Devereaux meets again with Charnier and is reluctant to do any more favors, until Charnier reveals that Devereaux is now an accomplice - to Devereaux's surprise and horror. Devereaux walks away, but Charnier takes the car himself and drives it to Ward's Island, where Lou Boca directs him to an abandoned factory building. There the heroin stash is revealed and tested positively. The stash is hidden inside the building and cash payment is hidden in the rocker panels of the junker car Lou Boca bought. With the deal consummated, the Bocas briefly celebrate and Sal drives Charnier back to the city - and right into a police roadblock led by Popeye. Sal drives back to the factory with police in pursuit, and the mobsters hide inside the main building while Charnier hides in a secondary building. A gunfight ensues, in which Sal Boca is shot dead. Popeye hunts for Charnier inside the dilapidated warehouse. Cloudy joins him as Popeye appears to have cornered Charnier, but as the two cops approach the room Popeye hears a noise from another door. He opens fire before Cloudy can corner the now-dead man - who turns out to be Agent Mulderig. Determined to get Frog One at any cost, and not caring that he just killed a Federal agent, Popeye strides through the warehouse, believing the Frenchman is still in hiding. After he rounds a corner a single gunshot is heard.
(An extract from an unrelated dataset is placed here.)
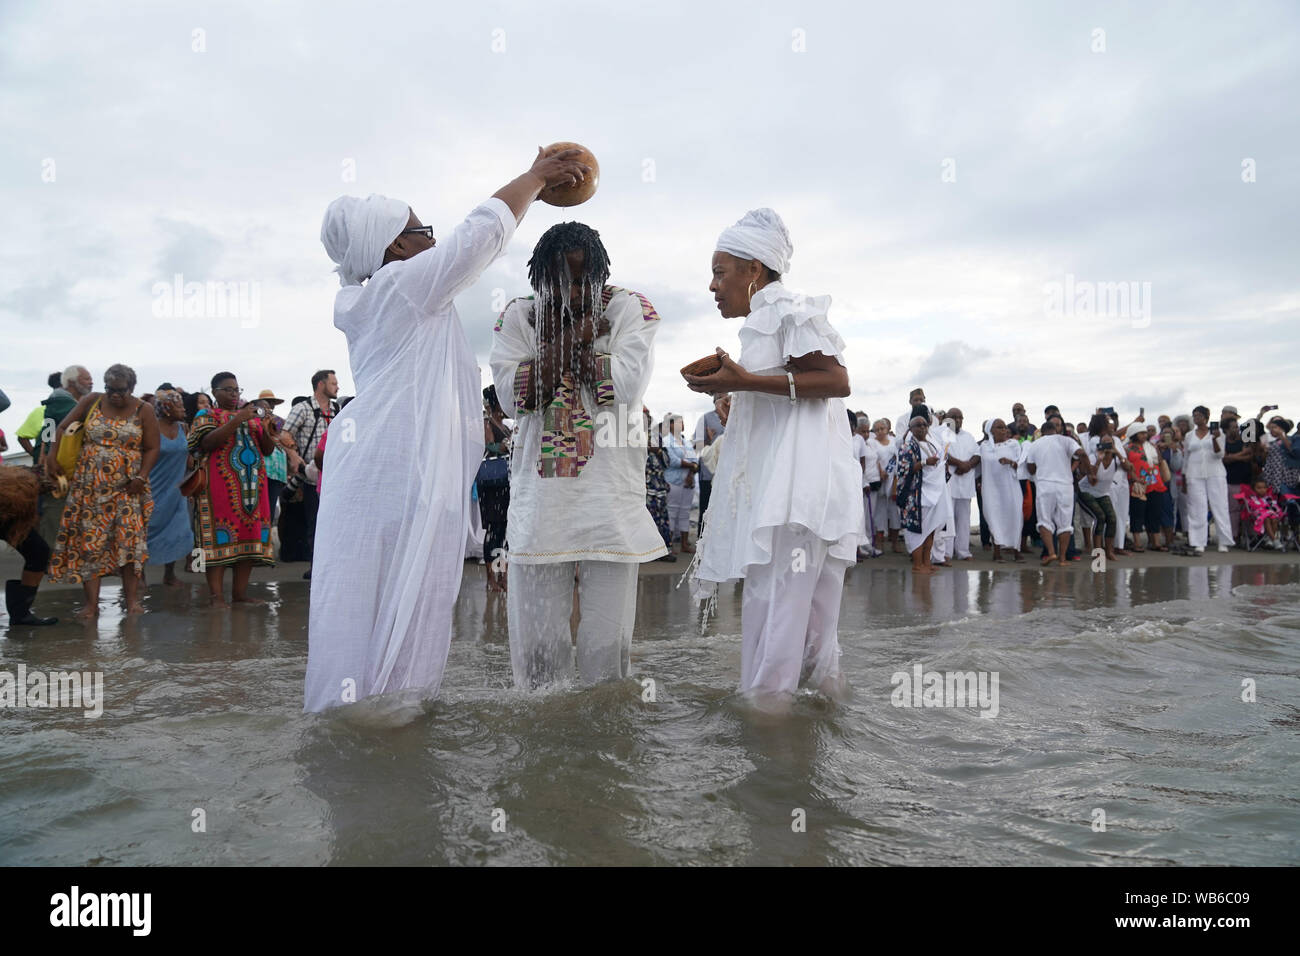 Hampton, USA. 24th Aug, 2019. People attend a cleansing ceremony at Buckroe Beach in Hampton, Virginia, on Aug. 24, 2019. Activities are held from Aug. 23 to 25 in commemoration of the 400th anniversary of the first African landing which occurred at Old Point Comfort in Virginia in 1619. Credit: Liu Jie/Xinhua/Alamy Live News Stock Photo

In an epilogue, it is revealed that Weinstock and the surviving Bocas either skated or received peripheral sentences while Henry Devereaux wound up in federal prison for four years; Chanier escaped and is believed to be living in France, and Doyle and Russo were suspended from narcotics duty.
(Note: The French Connection drug bust that inspired the film took place in 1961. However, the film's script sets the action at the time of actual filming, i.e. the winter of 1970-71, in order to avoid the need for period accuracy in the many New York street scenes.)